Exodus 34:29-35; Luke 9:28-36
February 14, 2010
The Rev. Charles Helsabeck
Copyright © 2010
I recently saw a movie called “Thirteen Days.” It is a movie about the Cuban Missile Crisis, according to Kevin Costner.
I once aged myself by using the Cuban Missile Crisis as an illustration in a Senior High class, and all the teens stared at me with blank expressions. Yes, Virginia, there was a Cuban Missile Crisis; and yes, I am old enough to remember it.
Those were scary, almost surrealistic days. In elementary school we practiced what to do if there was a nuclear missile attack. Now mind you, we were practicing for a missile attack in Rural Hall, North Carolina. What did we think they were going to blow up--our cigarette factories? But we did practice. At the appointed time we all got under our desks on our hands and knees in the fetal position. If the authorities had taken time to think about it, the fetal position was about right because life as we know it would end.

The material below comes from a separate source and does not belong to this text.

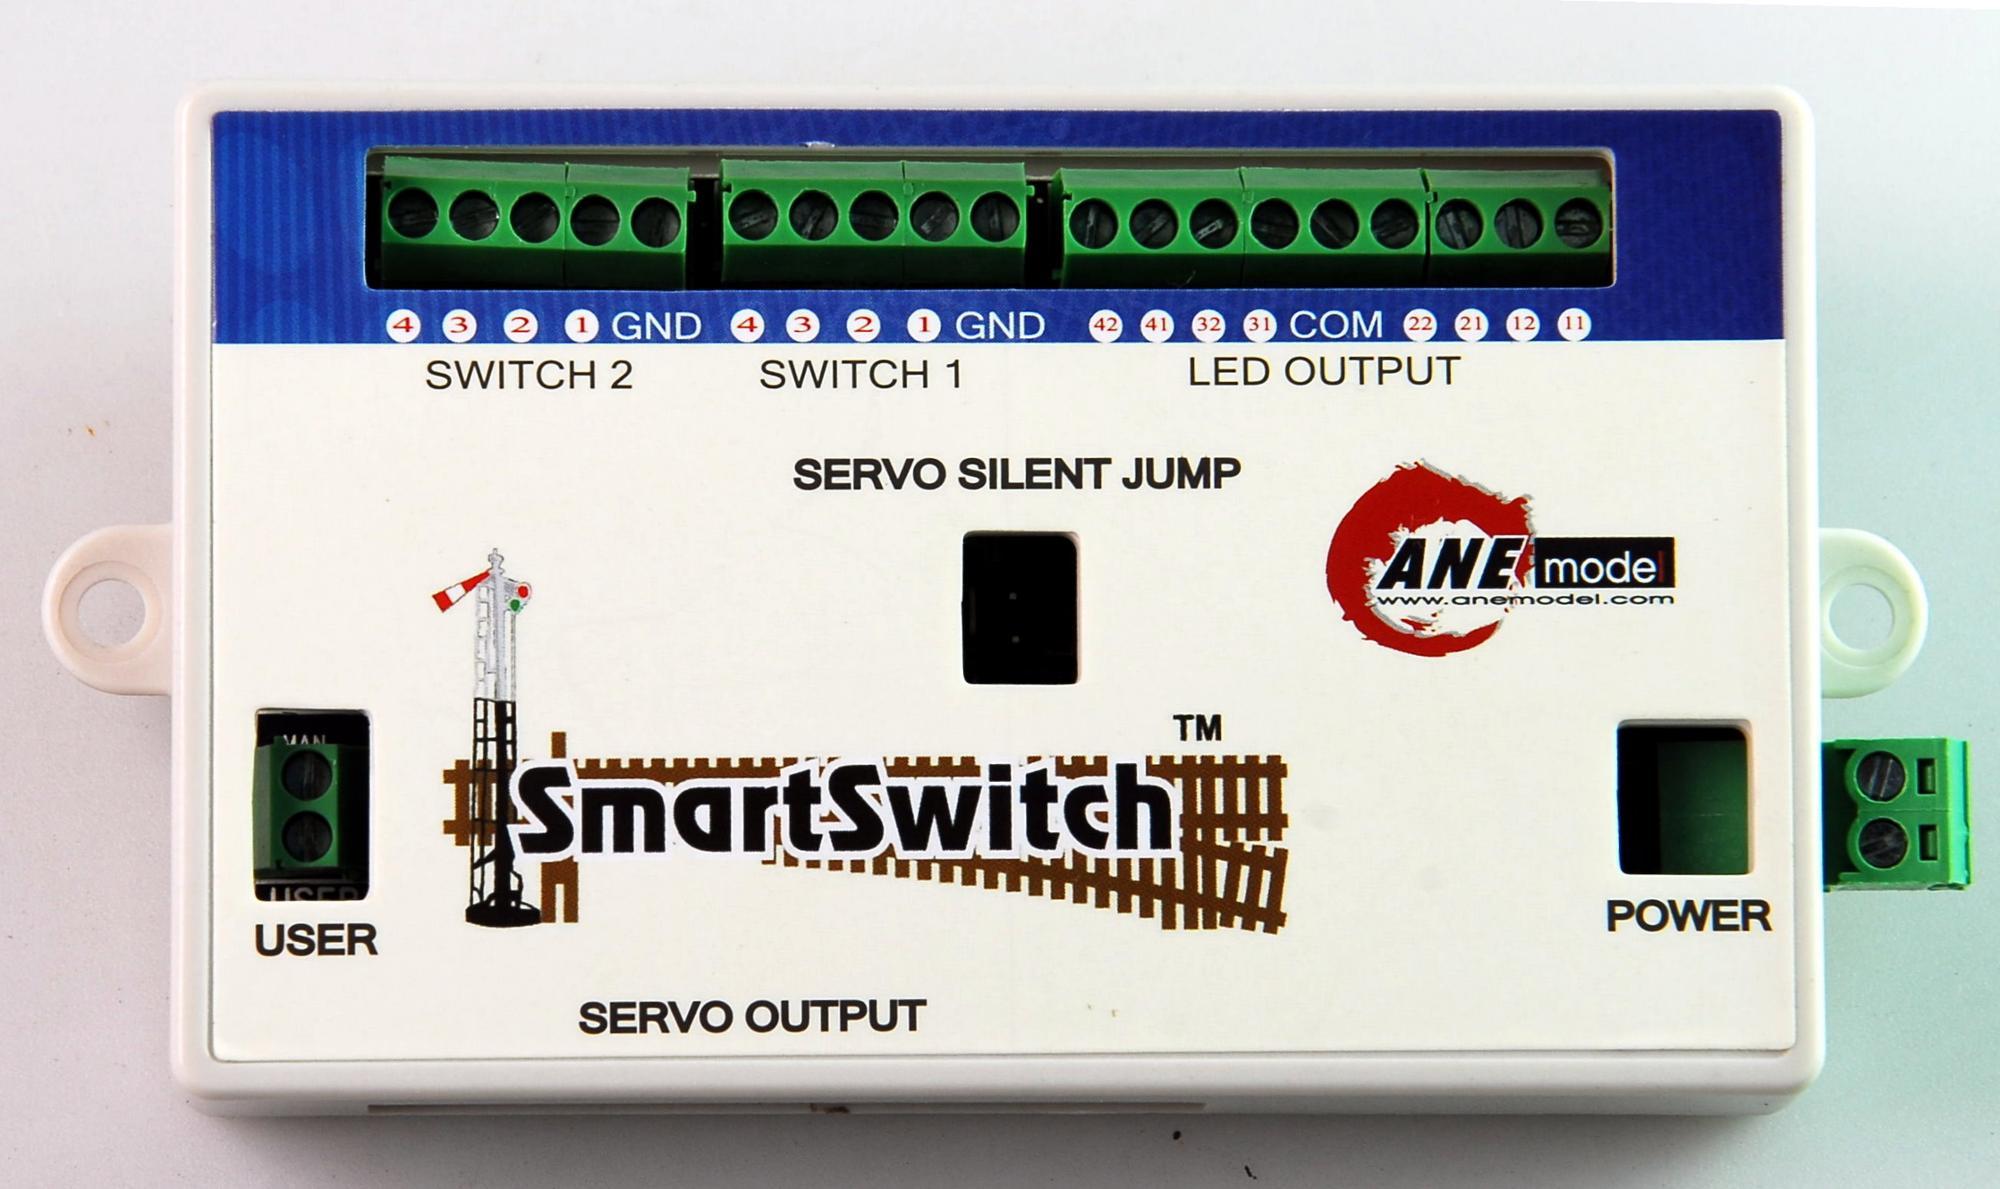 ANE Модель Тайвань A005 SmartSwitch Jumbo Set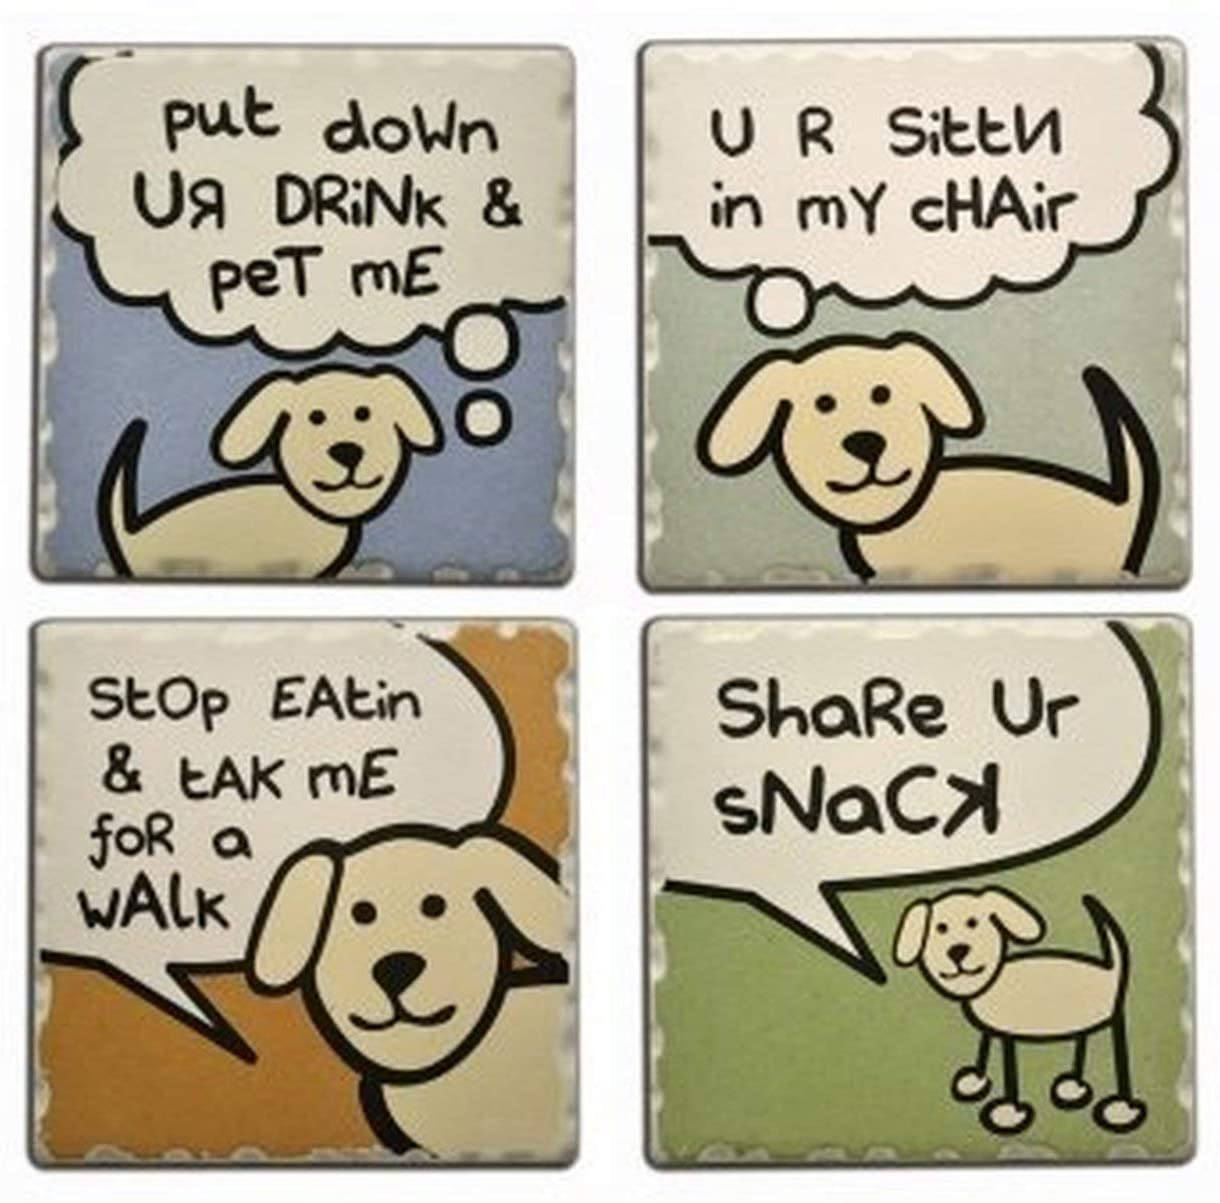 Dog Speak - Four Absorbent Stone Coasters - Funny Illustrated Dog Coasters

The Red Scare was real, and we were told the Communists would get us if we weren’t prepared. Remember Patrick Swayze’s first movie, “Red Dawn?” It is a movie that takes one of those places that is flat and remote with mountains nearby. It is just the spot for the Russians and the Cubans to invade the U.S. because it is so remote. Patrick Swayze leads a small group of high school students, the Wolverines, into the mountains after their teachers are killed. He and his high school friends wage guerrilla warfare against the invading Communist army.
Movies like that were common in those days, along with bomb shelters in your back yard. I remember looking at the contrails of jets and wondering if they might be the first sign the battle had begun.
My memory of those days is somewhat sketchy. I remember how Fidel Castro had taken over an island near Florida called Cuba and how he was misled into joining with the Communists. But that event got little coverage in Rural Hall.
In October of 1961, less than a year after John Kennedy took office I remember hearing about how the Russians–we didn’t refer to them as the Soviet Union, they were the Russians–how the Russians had, according to my memory, tricked the Cubans into letting them put missiles there. It wasn’t too dangerous, so I believed, but it was the principle of the thing–we couldn’t let the Russians do that. So, John Kennedy ordered the Navy to blockade Cuba to prevent any more missiles from going there. Then when the Russian ships heard that, they all turned around and went back to Russian and took all the missiles with them. History was easy to me then. The good guys, us, always win. End of the story.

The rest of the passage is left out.